◆ Exercise prompt
In the material below, find the line with "(Mn.1 ) Argentina"; set down that line and every line after it to the end, exactly, without pictures.

◆ Source data
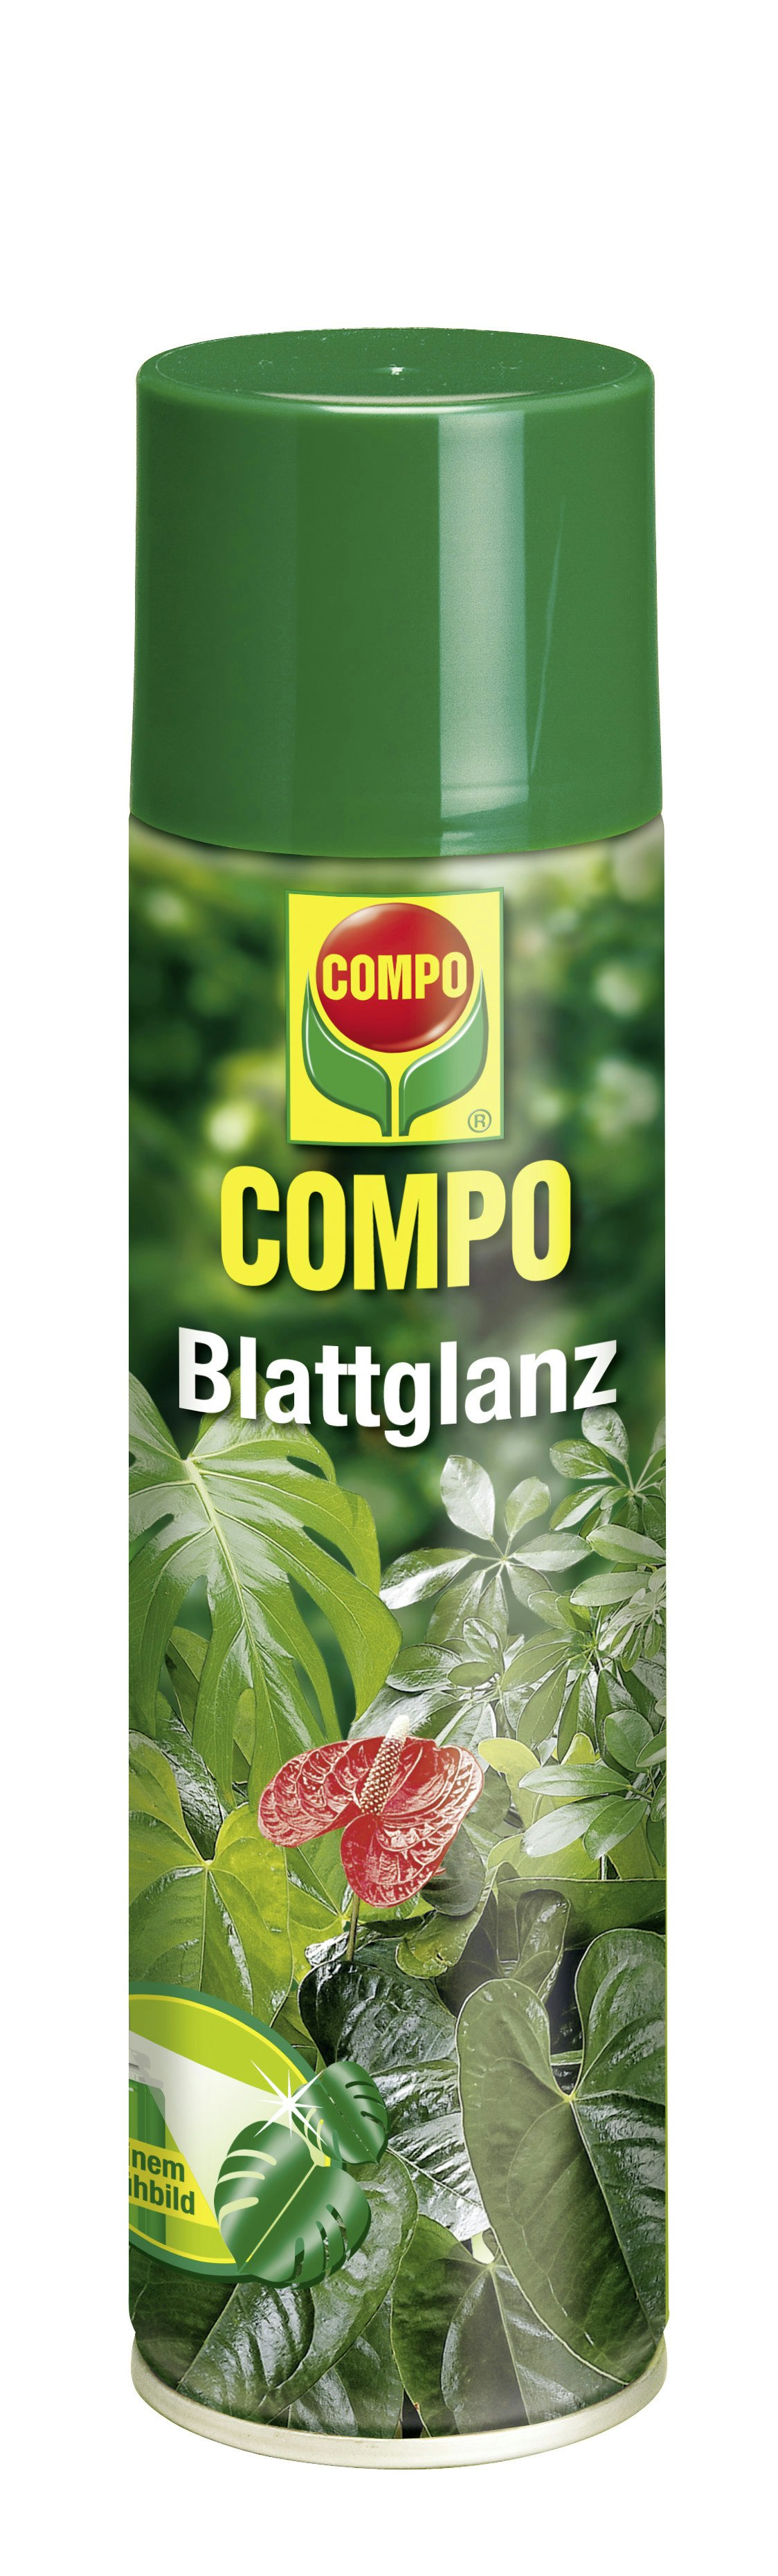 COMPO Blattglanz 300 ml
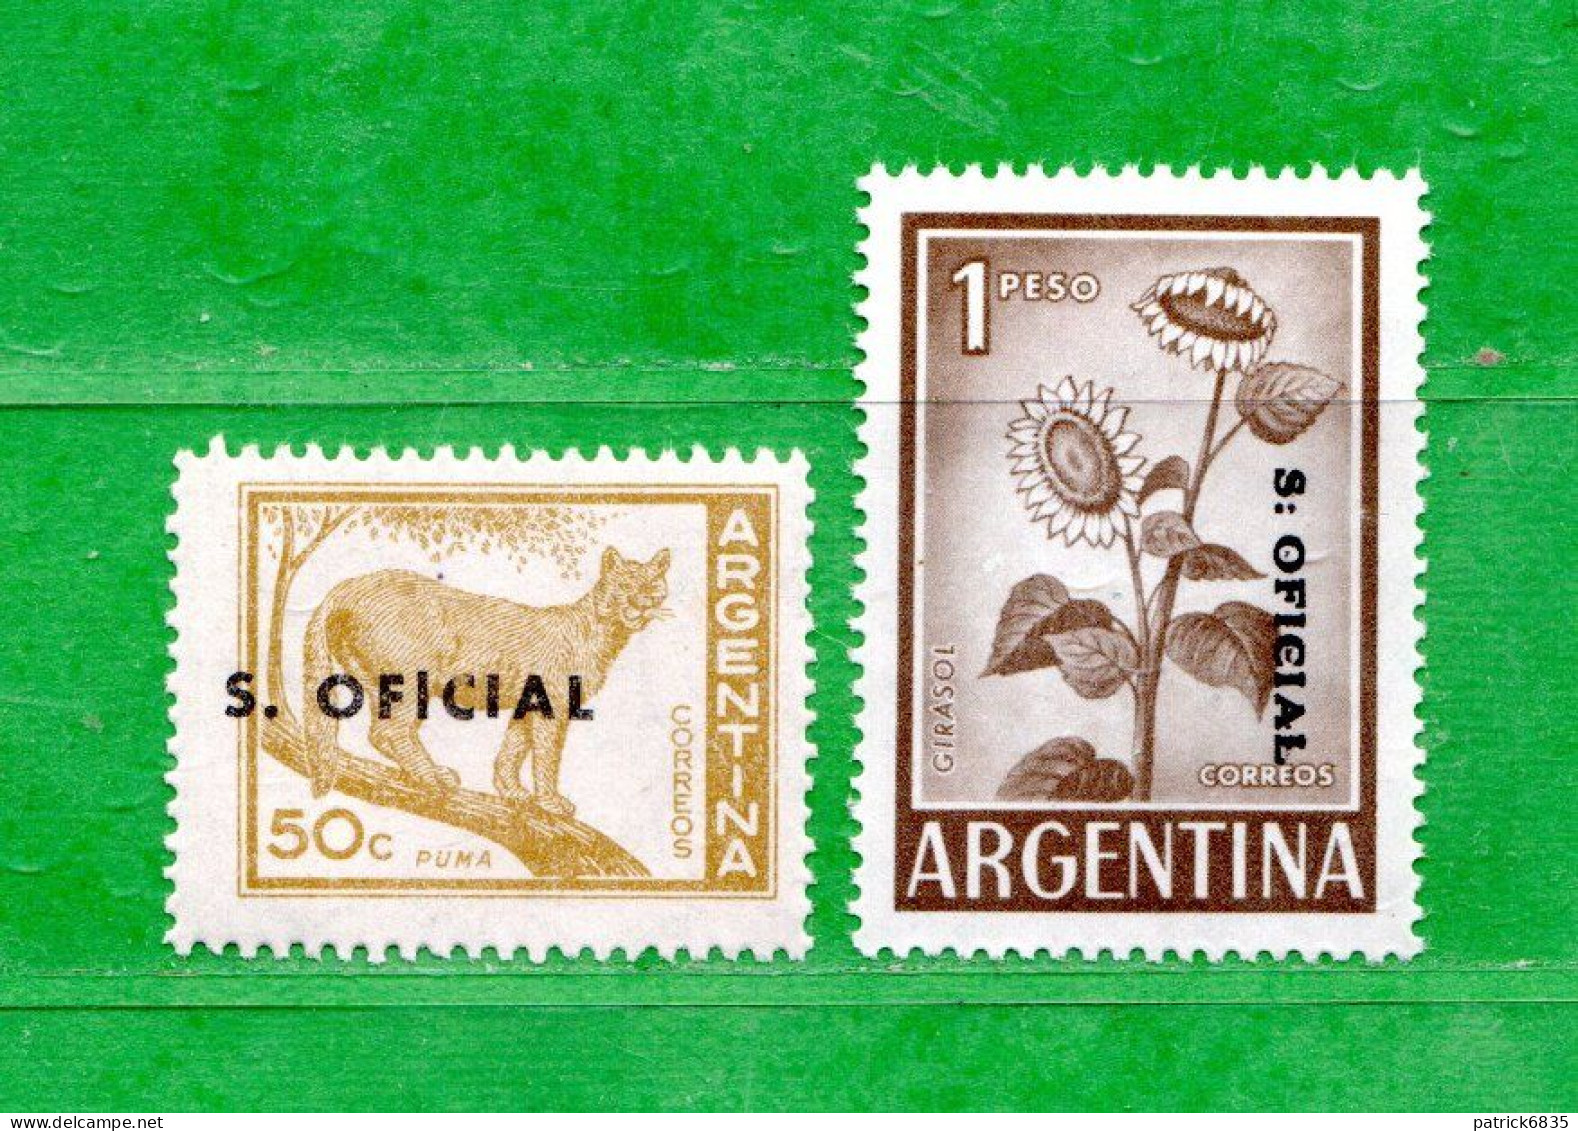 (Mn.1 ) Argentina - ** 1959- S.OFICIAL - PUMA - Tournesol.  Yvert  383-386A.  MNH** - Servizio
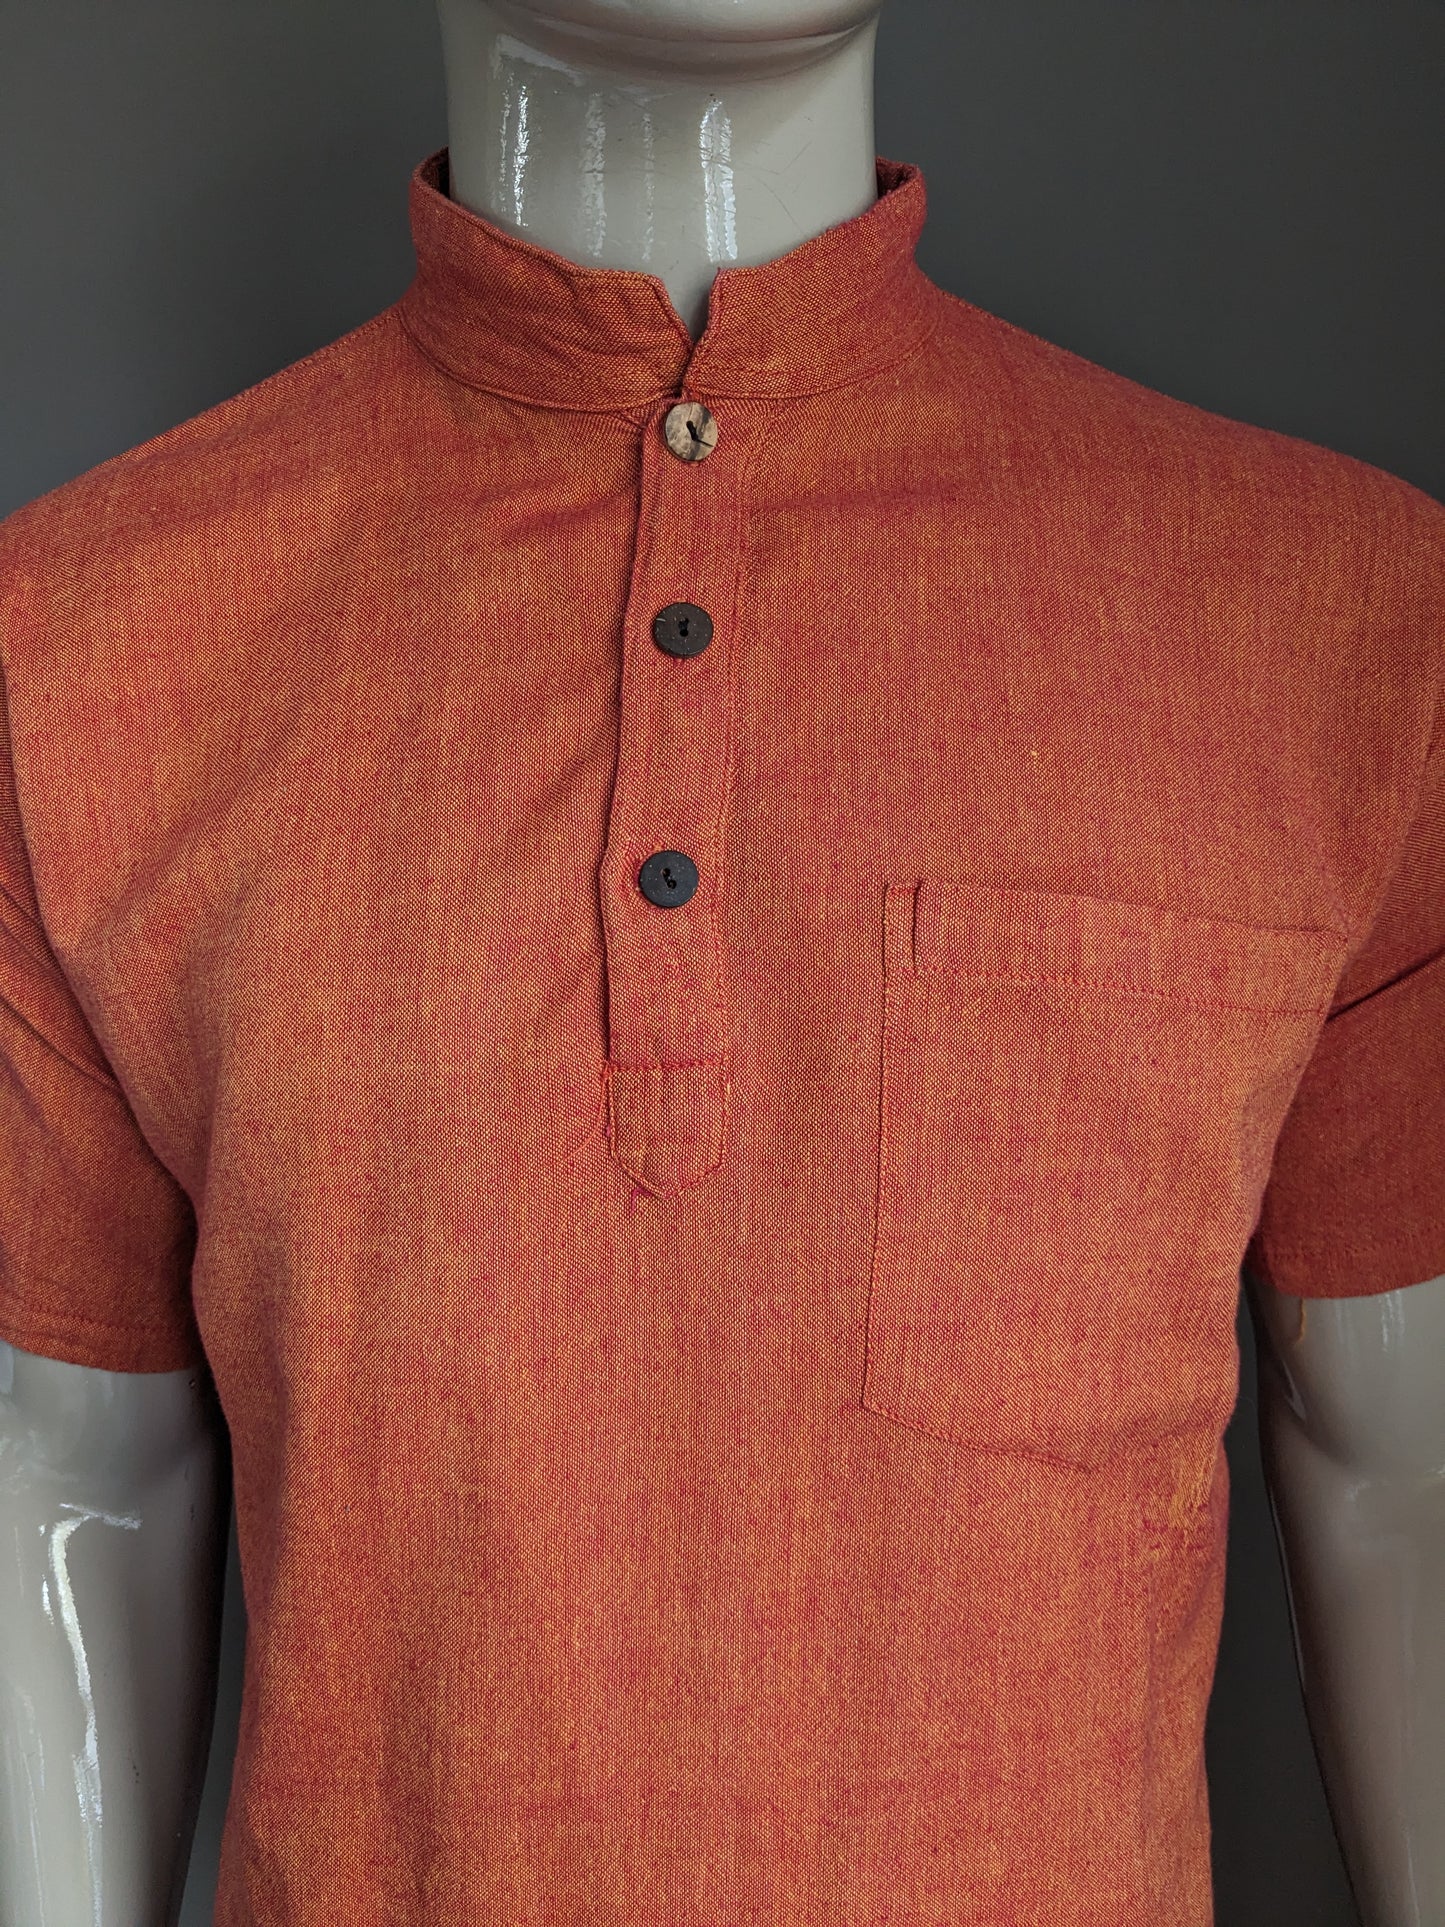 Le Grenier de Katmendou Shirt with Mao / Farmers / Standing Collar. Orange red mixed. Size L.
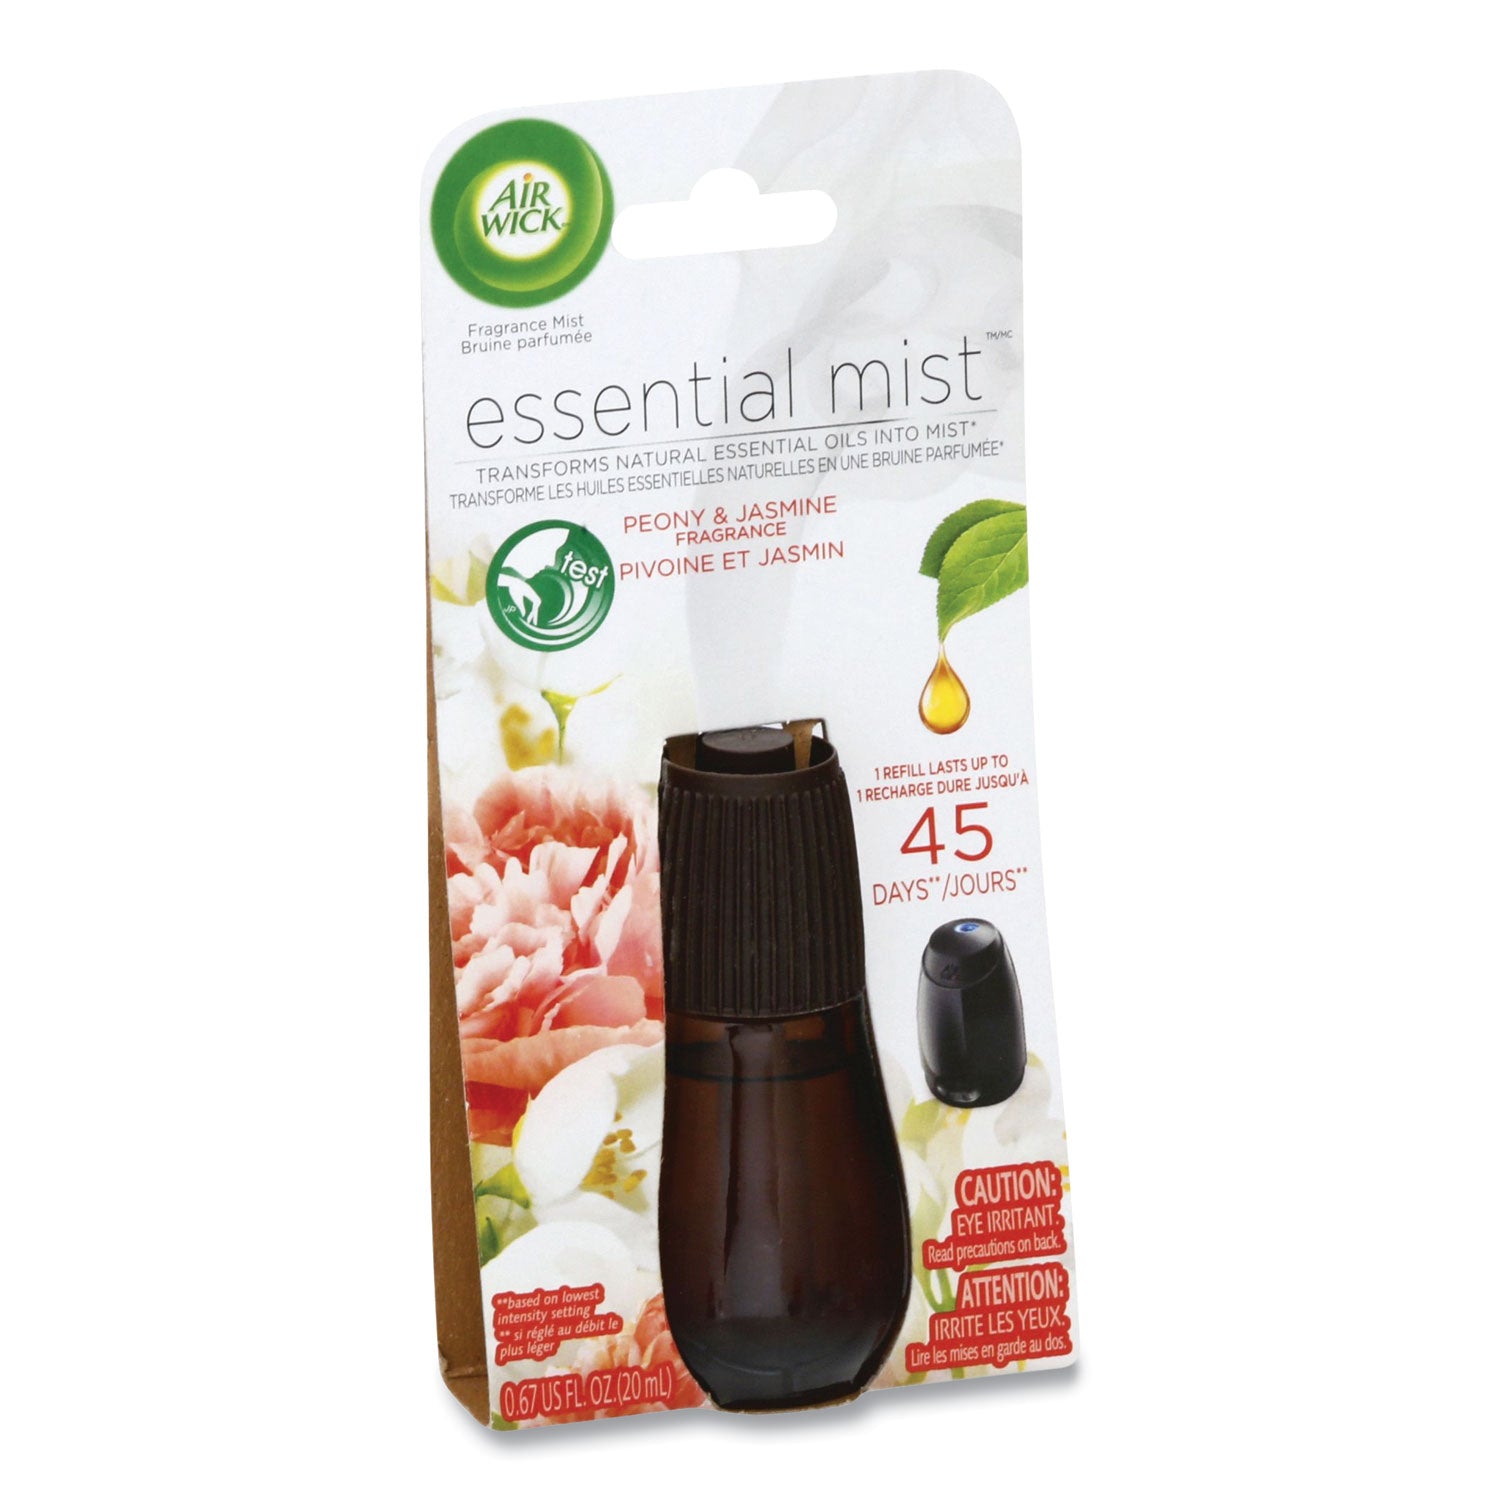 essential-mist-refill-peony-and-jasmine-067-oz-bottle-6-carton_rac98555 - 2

◆ Task solution
 (Mn.1 ) Argentina - ** 1959- S.OFICIAL - PUMA - Tournesol.  Yvert  383-386A.  MNH** - Servizio
 Le Grenier de Katmendou Shirt with Mao / Farmers / Standing Collar. Orange red mixed. Size L.
 essential-mist-refill-peony-and-jasmine-067-oz-bottle-6-carton_rac98555 - 2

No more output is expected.